People of God, the glory of our ever-loving and astonishing God is revealed every day in nature and among God’s people – yes, you and me.

And it is our work to magnify that beauty and magnificence – to reflect it so that all the world can see God’s mercy and righteousness and beauty and magnificence. We are like mirrors, reflecting the sun. Mirrors have to be smooth just as the wilderness has to be prepared. Our rough edges get in the way of God’s glory being revealed in our world. Our work is to allow God to transform us more and more into the image of God, more and more into the people we were created to be. Remember the words of Thomas Merton, “There is no way of telling people that they are all walking around shining like the sun.”

Walking around shining like the sun. That is what it means to prepare God’s way – it means to be who we really are. The glory of God is revealed as we step onto the highway that God is preparing for God’s children.    

In our Advent course on Thursday, we looked at the passage in Romans 8 where Paul tells us that “the creation waits in eager expectation for the children of God to be revealed.” (Romans 8:19). The creation is waiting, eagerly, for us to realize that we are the daughters and sons of the living God and to start living that way. To start reflecting the glory of God in the righteousness and mercy we show, in the joy we share, in the astonishing knowledge that God loves us through and through.

Someone once told me that the guardian angel of St. Benedict’s is named Gloria. Isn’t that wonderful – to think that we are overlighted by an angelic being whose very name reflects God’s glory.

In our worship we glorify God as we praise God’s magnificence and beauty. Worship is an expression of our love and also a way in which we experience God’s love more directly. God’s glory is also God’s self-giving love. This is the underlying message of John’s gospel which describes Jesus’ life and his death as glorifying God (John 27: 1-5). 

It is all about God’s glory and reflecting that magnificence and beauty. Which is also all about worship. Which is also all about love.

Which brings us back to John the Baptizer because in order to become the people we are made to be, in order to show God’s image, we have to repent. We have to turn away from our self-centered ways and re-center ourselves in Christ. This process of repenting and re-centering is an ongoing journey because we are always being challenged. The more we allow the Holy Spirit to transform us, the more we listen to God’s word, the more we intentionally praise and glorify God, the more we find places in ourselves that need to be transformed. Places that need to be levelled. And then it is time again to offer the places of hurt, the unhealed places, the unholy places, to God.

Before I close, let me remind us that these Bible passages were not written for individuals but for the people of God, the whole society of Israel. It was the collective community that was to transform in such a way that it could show forth God’s glory. 
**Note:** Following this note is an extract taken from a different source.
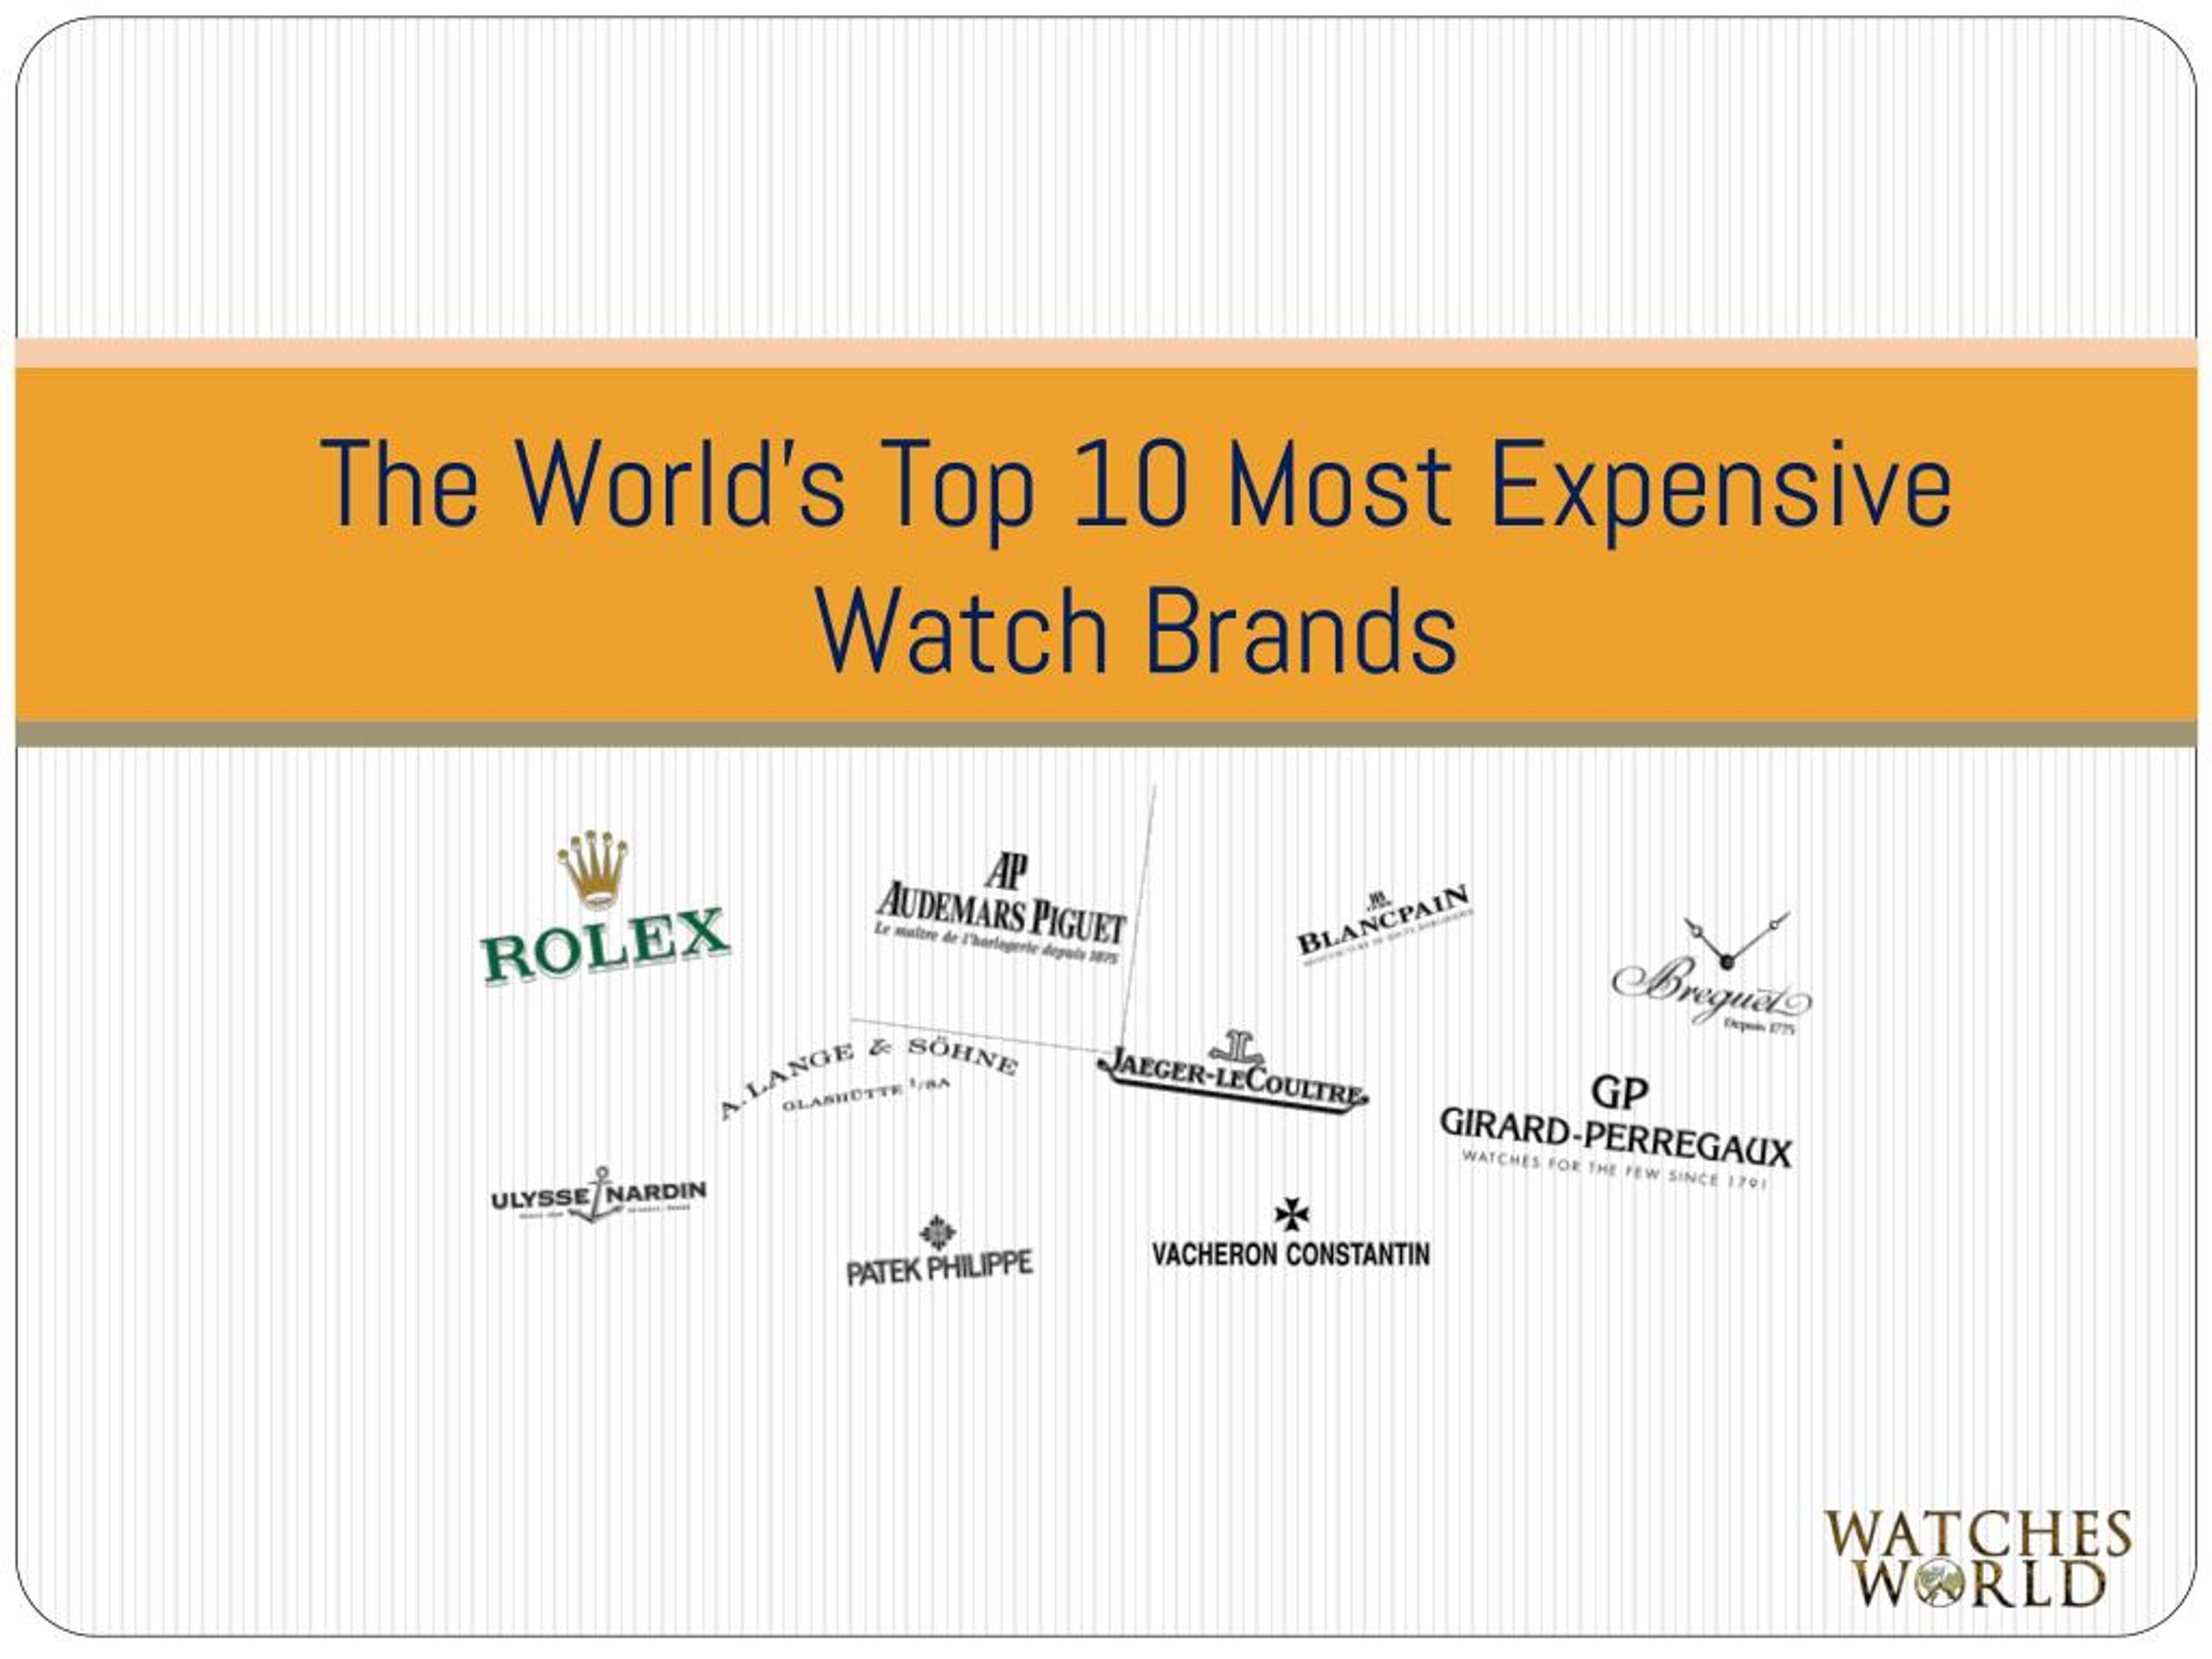 PPT - The World's Top Most Expensive Watch Brands PowerPoint

It is only too evident how far we are from showing God’s glory as a country, one nation under God. It is easy for us to turn away from the pain and the conflicts and individualize these readings, as I have done this morning. But as citizens of this world as well as citizens of heaven, we are called to work to create an equal and fair society where everyone can experience God’s mercy and righteousness, ‘Then the glory of the Lord shall be revealed, and all people shall see it together, for the mouth of the Lord has spoken.’

May God grant us the serenity to accept the things we cannot change, the strength and the courage to change the things we can, and the wisdom to know the difference.